- Release poster
- Directed by: Matt Ruskin
- Written by: Matt Ruskin
- Produced by: Ridley Scott; Kevin J. Walsh; Michael Pruss; Josey McNamara; Tom Ackerley;
- Starring: Keira Knightley; Carrie Coon; Alessandro Nivola; Chris Cooper;
- Cinematography: Ben Kutchins
- Edited by: Anne McCabe
- Music by: Paul Leonard-Morgan
- Production companies: 20th Century Studios; Scott Free Productions; LuckyChap Entertainment;
- Distributed by: Hulu
- Release date: March 17, 2023;
- Running time: 112 minutes
- Country: United States
- Language: English

= Boston Strangler (film) =

2023 film by Matt Ruskin

Boston Strangler is a 2023 American historical crime drama film written and directed by Matt Ruskin. It is based on the true story of the Boston Strangler, who, in the 1960s Boston, killed 14 women. The film stars Keira Knightley as Loretta McLaughlin, the reporter who broke the news for the Boston Record American, with Carrie Coon, Alessandro Nivola, Chris Cooper, Bill Camp, Morgan Spector, and David Dastmalchian as Albert DeSalvo.

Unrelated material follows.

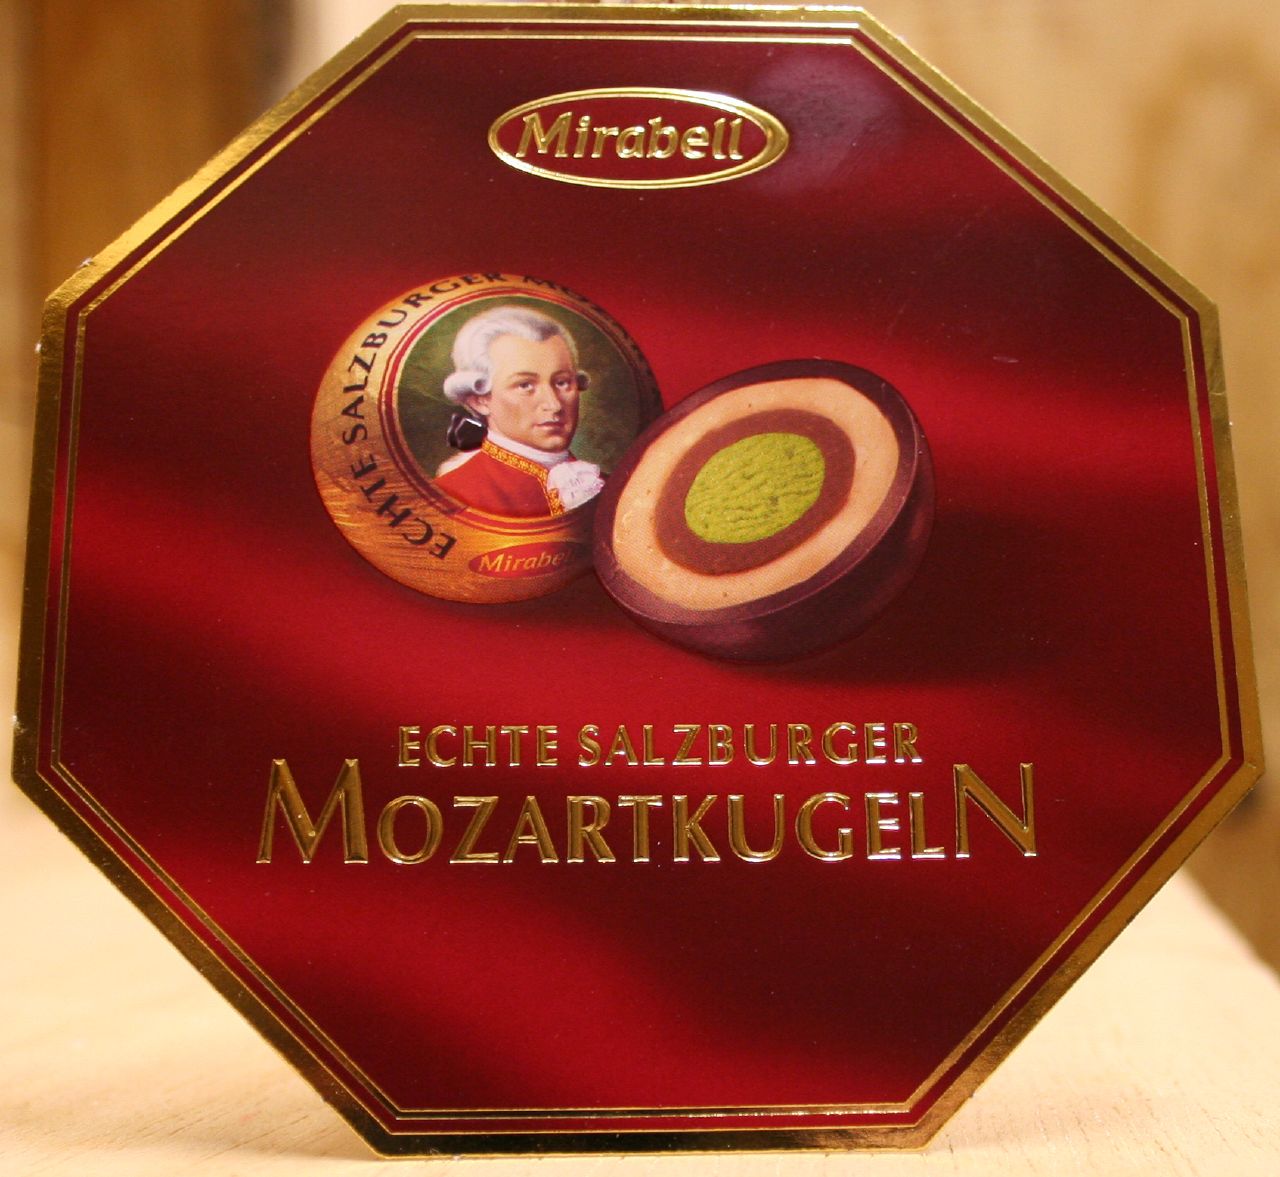 Echte Salzburger Mozart Kugeln - &amp;quot;Real Salzburg Mozart Balls&amp;quot; - a photo ...

Boston Strangler was released in the United States on March 17, 2023, by Hulu. It received mixed reviews from critics.

==Plot==
In 1962, Boston Record American reporter Loretta McLaughlin investigates three cases of older women who were raped and murdered by strangulation in the Boston area. She confirms the victims all had stockings tied around their necks in a bow, probably connecting the crimes to a serial killer. The story angers Boston law enforcement as well as Loretta's boss, who plans to kill the report to protect the company.

When a fourth victim is found, Loretta and fellow reporter Jean Cole decide to continue the investigation. The two women endure rampant sexism in their workplace and society. Loretta's marriage is strained by her long hours and her family is harassed. While writing the articles, Loretta coins the name "the Boston Strangler".

A year later, a seventh woman named Sophie Clark is murdered. A neighbor encountered a man who could be the killer and she provides a vague description. Sophie was much younger than previous victims, which breaks the Strangler's pattern. Loretta and Jean later discover that the Boston Police Department is botching the investigation and not sharing information with other cities. Similar murders, like one committed in New York City by a man named Paul Dempsey, have been overlooked.

Albert DeSalvo, a suspect in the investigation, is taken into custody. Sophie's neighbor is asked to identify him in a line-up but she picks a different man, George Nassar. Despite this, in 1964, DeSalvo confesses to all 13 murders. Police do not have enough evidence to tie him to the murders, so he is instead convicted for earlier crimes of robbery and sexual offenses and sentenced to life imprisonment.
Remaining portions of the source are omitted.